L´unica sinagoga rimasta nella capitale, un edificio rosa e giallo privo di qualsiasi contrassegno, è stato sprangato con tavole e assi di legno da quando oltre tre anni fa fu definito “il luogo di raduno dei sionisti”. La maggioranza degli ebrei non lascia la sua casa nel timore di essere rapita o uccisa. Perfino al telefono Levy non parla direttamente di Israele, perché non si può mai sapere chi sia in ascolto. «È come se vivessi recluso in una prigione», racconta. «Per me qui non c´è futuro. Per vivere dovrò andarmene».

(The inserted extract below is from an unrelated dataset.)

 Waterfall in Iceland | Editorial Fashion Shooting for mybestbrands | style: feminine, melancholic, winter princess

Il conflitto iracheno è diventato insostenibile persino per il popolo israeliano, da tempo abituato a soffrire e mandato in esilio da Nabuccodonosor 26 secoli fa a Babilonia, in quello che è oggi l´Iraq centrale. Dopo la fondazione di Israele nel 1948 la famiglia di Levy è sopravvissuta ai sempre più frequenti e feroci attentati antisemiti, all´esecuzione nel 1969 di una dozzina di ebrei accusati di essere spie dello Stato israeliano, e all´incessante sorveglianza da parte del regime di Saddam Hussein. Dopo l´invasione del 2003 guidata dagli Stati Uniti, il padre di Levy si è trasferito in Israele. Anche lui aveva pensato di andarsene, ma è rimasto in Iraq per prendersi cura di un ebreo ottantenne, diabetico e in fin di vita. Ora che dell´uomo malato si prendono cura alcuni amici curdi, Levy vuole andarsene e lo farà non appena sarà riuscito a vendere la sua casa. Non si affiderà però a un intermediario immobiliare, che potrebbe truffarlo o fare di peggio, e così è in attesa che nei prossimi mesi un suo amico torni in Iraq per gestire i suoi affari. «Dobbiamo essere molto cauti», dice Levy.

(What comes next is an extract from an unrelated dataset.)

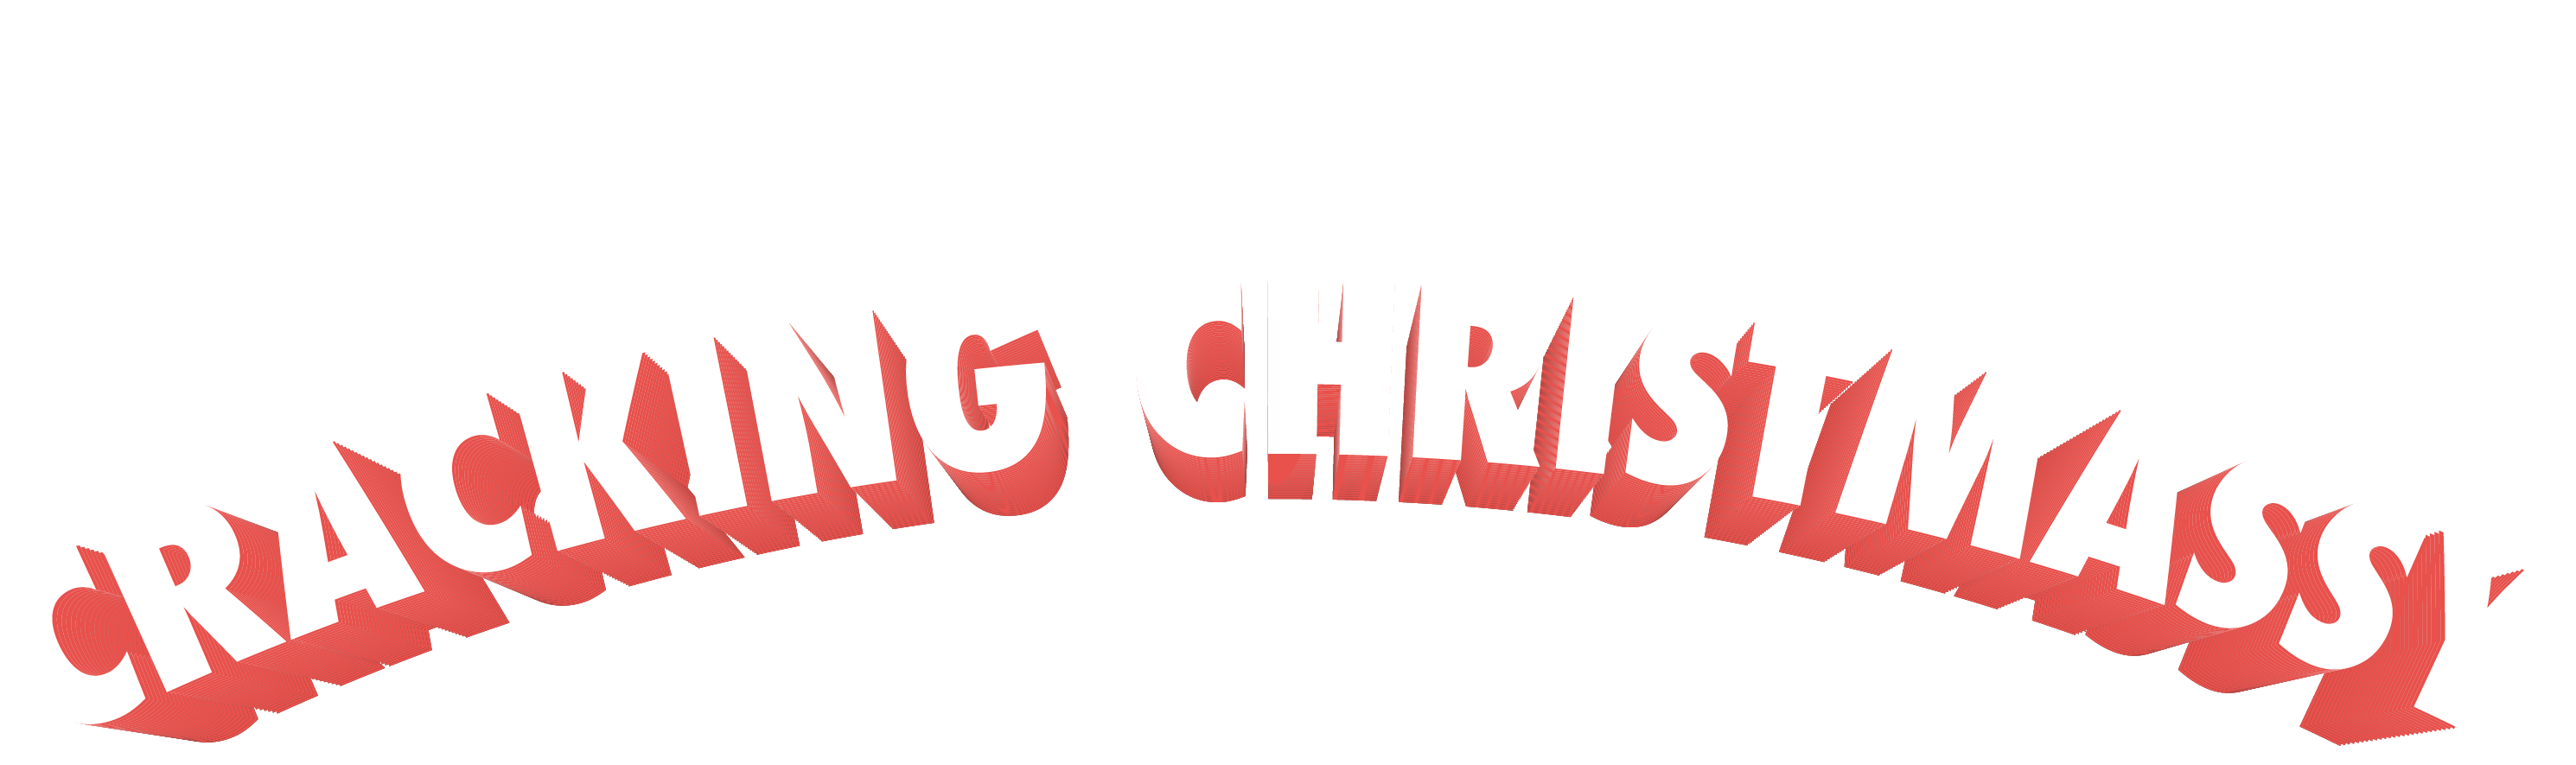 Cracking Christmassy Loaded Chips

Domenica notte, vigilia di Yom Kippur, Levy si è preparato ad affrontare il digiuno del giorno successivo sgranocchiando un poco di torta e del melone. Alcuni anni fa, poiché era partito il macellaio rituale, Levy acquistava gli agnelli e li macellava secondo i dettami della legge ebraica, ma adesso non può più farlo: teme per la sua vita, ha paura che al mercato i commercianti lo riconoscano e dicano in giro che è ebreo. Anche il vino non riesce più a procurarselo e così in alcune feste si accontenta di succo di uva spremuto nell´acqua.

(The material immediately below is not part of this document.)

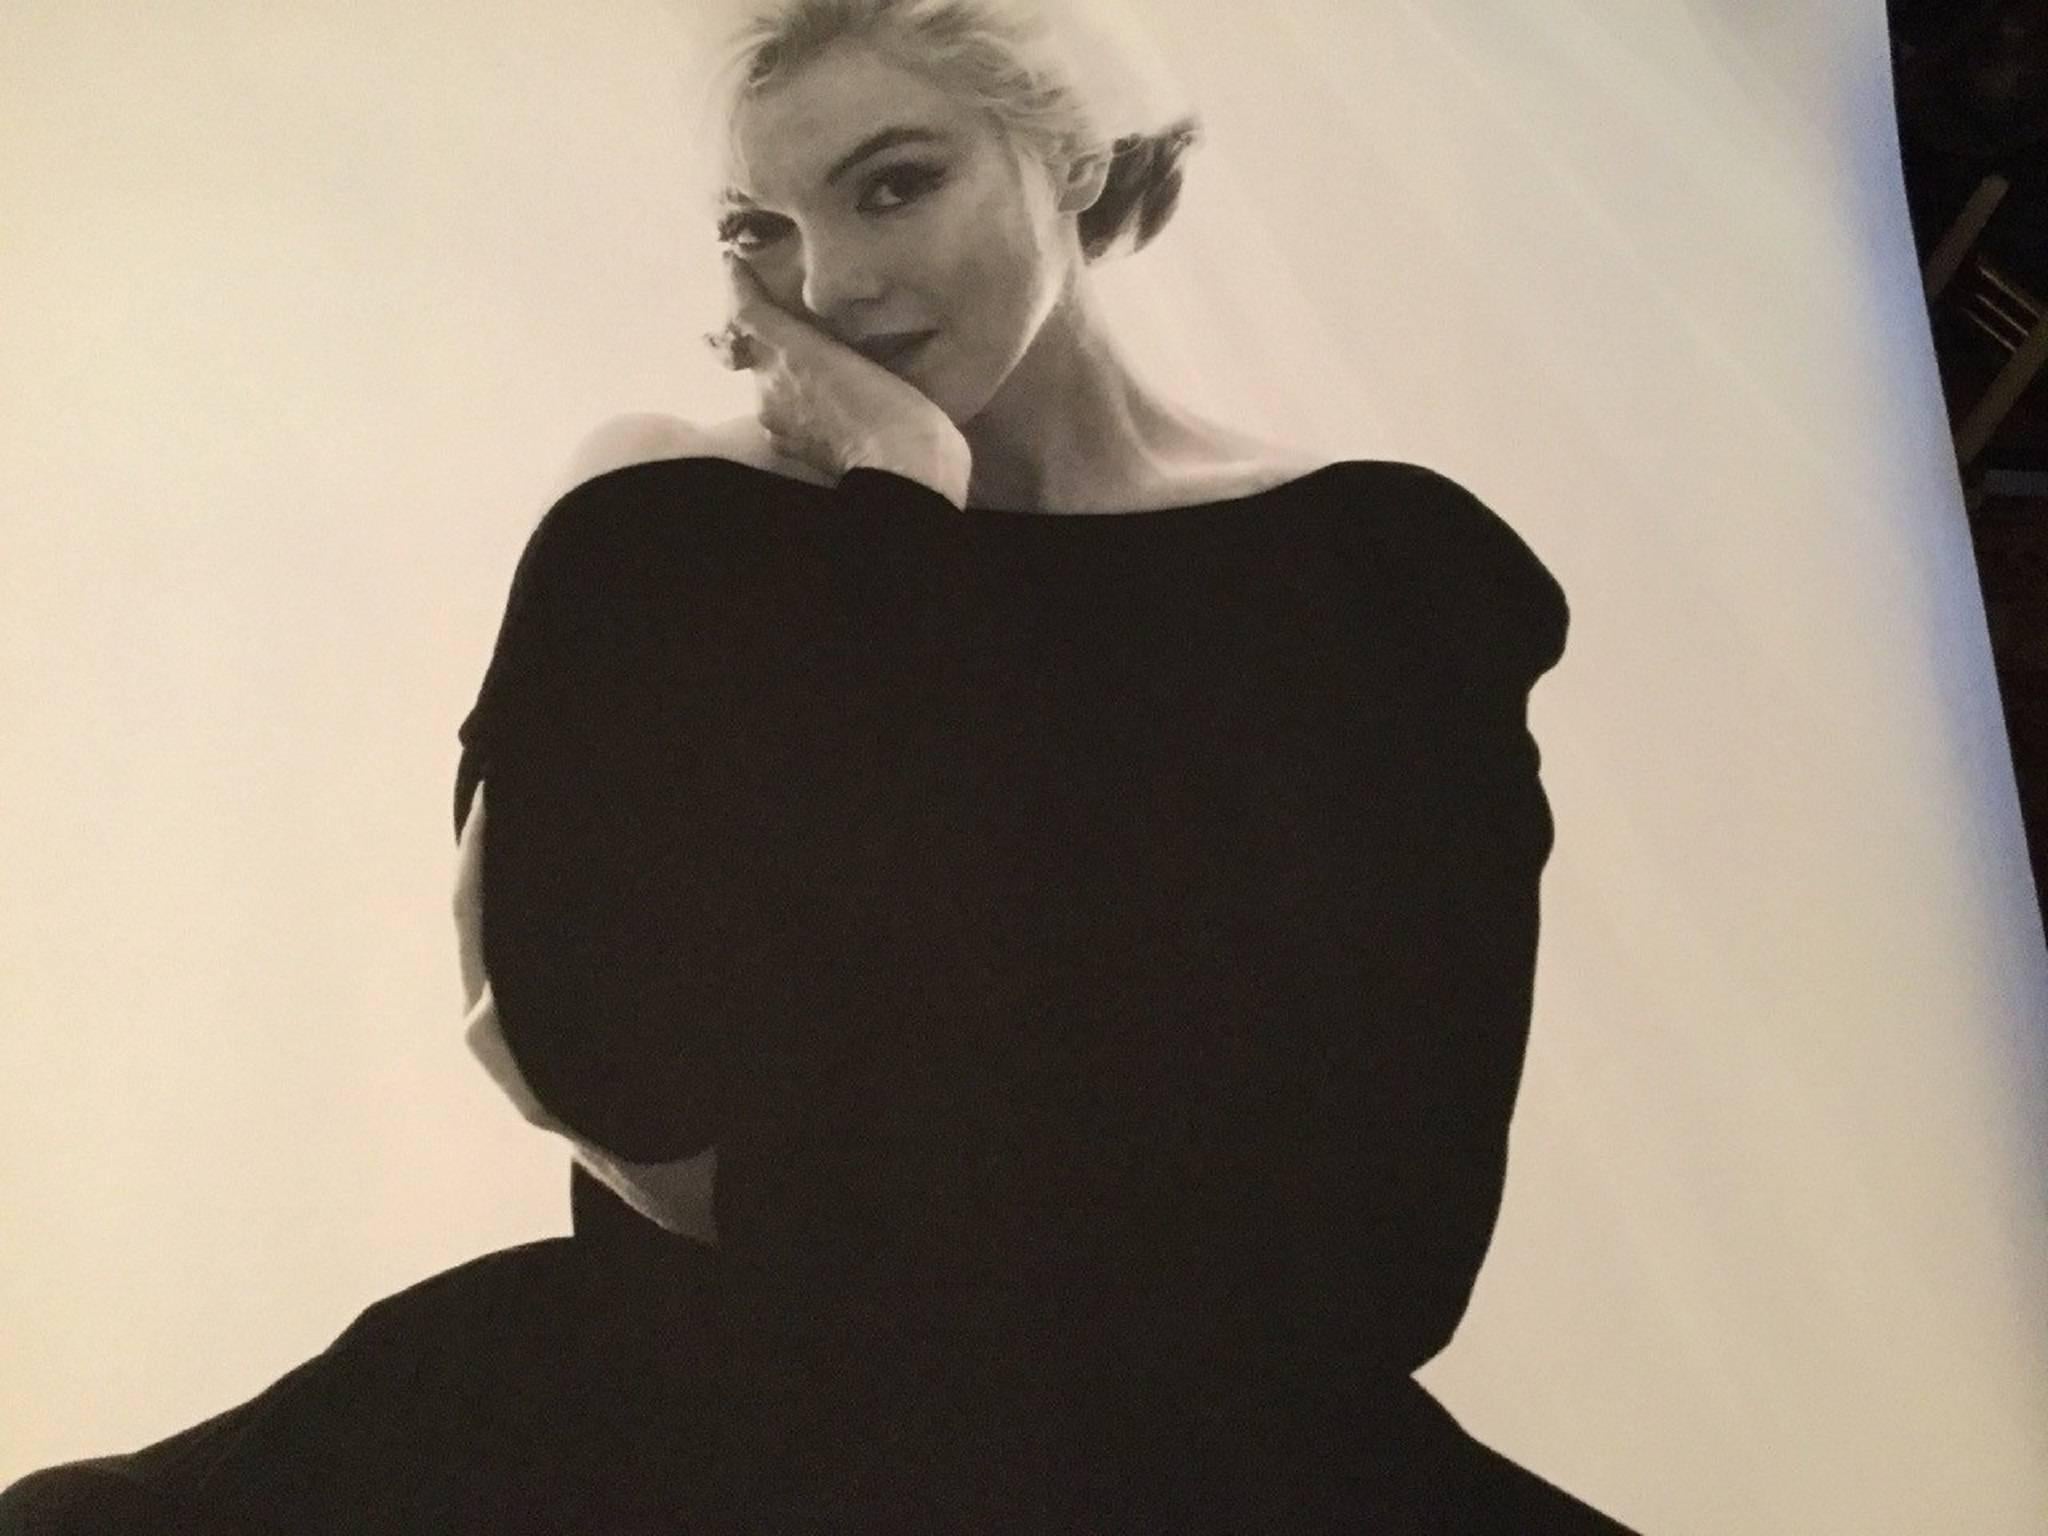 Marilyn in the black dress looking at you - Photograph by Bert Stern

Levy scherza e dice che anche la rete elettrica di Bagdad ha deciso di digiunare: l´elettricità è stata tagliata domenica pomeriggio e 30 ore più tardi non è stata ancora ripristinata. Lunedì notte ha faticato per rimettere in funzione il generatore. Ma nessuno dei problemi che affliggono la capitale avrebbe potuto rovinare il suo Yom Kippur. «Ho il mio Dio e le mie preghiere e questo è ciò che più conta per me», dice. Racconta di aver stretto tra le braccia un vecchio libro di preghiere ed essere rimasto nella sua stanza in piedi o seduto per un po´ sulle lenzuola verde pallido che coprono il letto. «Che avrei dovuto fare?» chiede. «Ovviamente non è così che bisognerebbe celebrare Yom Kippur», fa una pausa e poi dice: «Ecco perché devo lasciare l´Iraq e andare in Terra Santa».
Non tutti gli ebrei iracheni la pensano così. Sameer, un appaltatore edilizio di 40 anni, dice che non potrebbe mai lasciare la sua patria, anche se questo potrebbe significare che non incontrerà mai una donna ebrea da sposare. «Questo è il mio destino: sono iracheno, sono parte dell´Iraq. Mi sta bene non sposarmi». Sameer chiede che il suo cognome non venga divulgato, teme per la propria vita. Ha abbandonato la sua casa di Bagdad e vive in una località che non ha voluto rivelare. Sameer si è rifiutato di parlare della vita sotto Saddam, dicendo che l´argomento è pericoloso, ma alcune interviste a Levy e ad ex funzionari dell´intelligence irachena fanno intuire che anche prima dell´invasione americana la vita per gli ebrei iracheni non era facile.